By the way in the specific case described here, whatever the rolling status of the LSTM, the memory consumption will grow due to the output you use:
net_out = nn.Linear(in_features=HIDDEN_SIZE, out_features=INPUT_SIZE)

Indeed :
print(net_out)
Gives :
Linear (512 -> INPUT_SIZE)

Shmuma · August 18, 2017, 3:00pm

As far as I understand whole machinery, Pytorch has dynamic graph, which allows you to decide how many steps to unroll your RNN. With simple architectures, it allows you to stop time batching at all (which you have to do in case of keras) and process whole batch of variable length sequences using one RNN call preceeded with pack_padded_sequence.

Unfortunately, it’s not working such smoothly in case of seq2seq architecture.

DiffEverything · August 18, 2017, 6:34pm

I had the same problem for an encoder-decoder model used for summarization. encoder sequences ~400 and decoder of ~120 max length for my 12G on TitanX. Aso this was on v0.2.

You could try using a different optimizer…one that doesnt track gradients…

Shmuma · August 18, 2017, 7:52pm

Hm, that’s an interesting suggestion. Could you give more information about optimizers? I thought all of them just use gradients gathered from computation graph built on Variable operations.

Today I had different idea to split both input and output sequences on chunks of fixed size and update gradients at the end of each chunk. It should be similar to “RNN unrolling” in keras or TF, and in theory, can have negative effect on convergence, but looks like a solution to memory limitation. But haven’t tried it yet.

Pierre-Bartet · August 19, 2017, 4:25pm

I tried your example without the enormous
net_out = nn.Linear(in_features=HIDDEN_SIZE, out_features=INPUT_SIZE)
layer, and it is not so terrible.

If you want to have a Linear layer after the LSTM, you have to repeat INPUT_SIZE times a single nn.Linear(in_features=HIDDEN_SIZE, out_features=1).

It doesn’t change our conceptual problem but you can build much more longer seq2seq architecture this way.

Shmuma · August 19, 2017, 7:09pm

That’s something I don’t understand. Could you please explain?

My understanding that net_out is not too large (51210) compared to LSTM unit itself which has 4(512*10 + 512^2) i.e. hos 200 times more parameters. Additionally, with trainer mode of seq2seq, on every step of decoder RNN I need to apply linear layer to calculate next token for this step to feed in as input on next step.

Of course, in real-world applications, when count of output tokens will be full vocabulary (hundreeds of thousands or even millions of words), output layer will dominate.
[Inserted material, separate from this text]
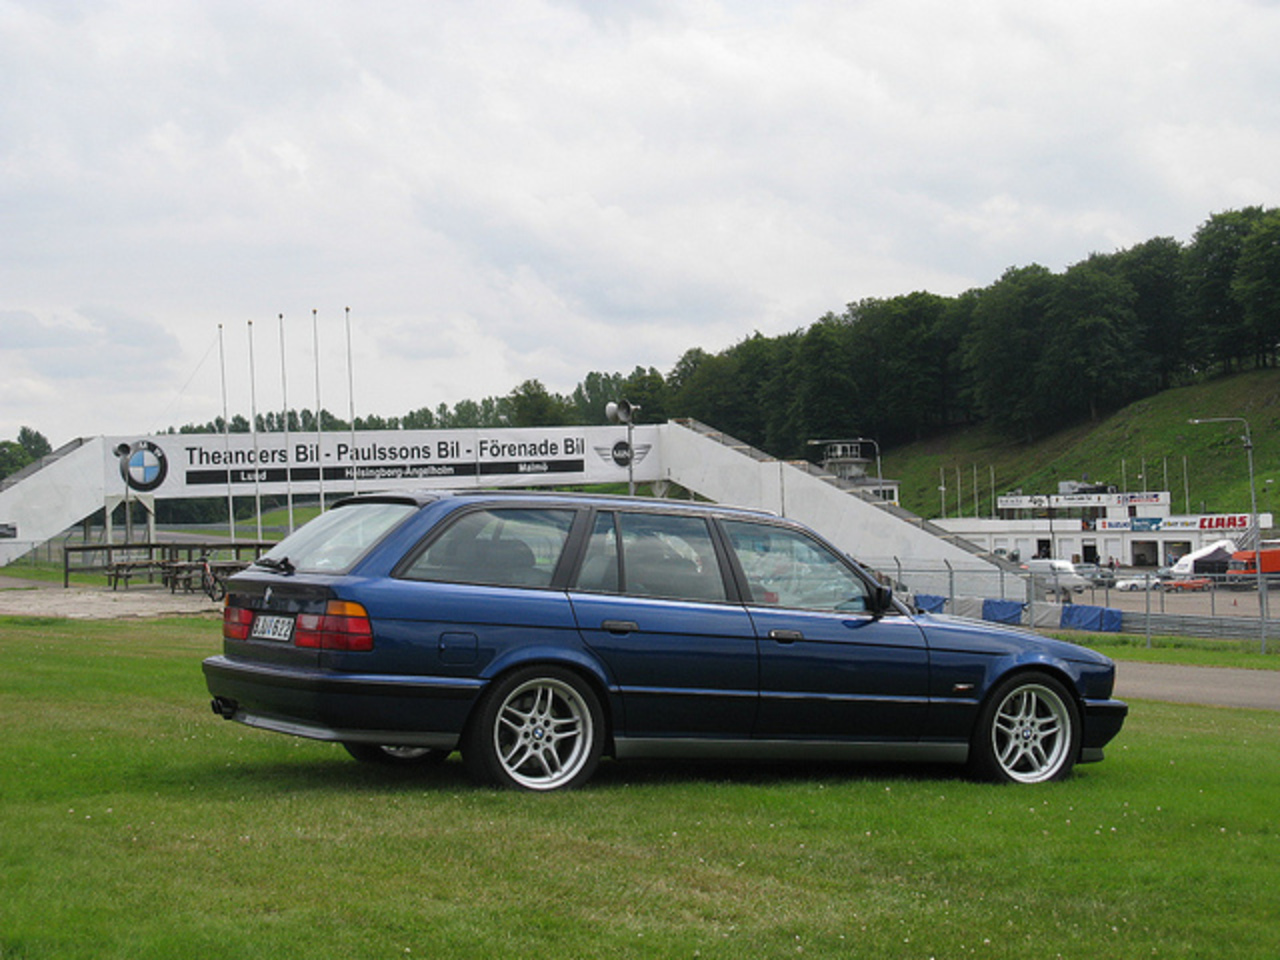 BMW M5 Touring E34 | Flickr - Photo Sharing!

But this is completely different story which can be solved by hierarchical or sampled softmax.

Pierre-Bartet · August 20, 2017, 8:05am

My bad I got confused between INPUT_SEQ_LEN and INPUT_SIZE
By the way with no GPU I got :
#input_seq_len = 500: // 2.8GB

Shmuma · August 20, 2017, 8:46am

Hm, that’s interesting. Maybe some cudnn issue/inefficiency.

Pierre-Bartet · August 21, 2017, 6:48am

After some tests, I don’t think there is any solutions. I was afraid weights were duplicated along the sequence, leading to a 512^2 * INPUT_SEQ_LEN memory usage, but weight sharing seems to be correctly implemented and it is not the case.
Still when backpropagating, we have to store the forward pass first, So whatever we do we will have a 512 * INPUT_SEQ_LEN consumption. The only solution is indeed to limit back-propagation through time to a limited number of step.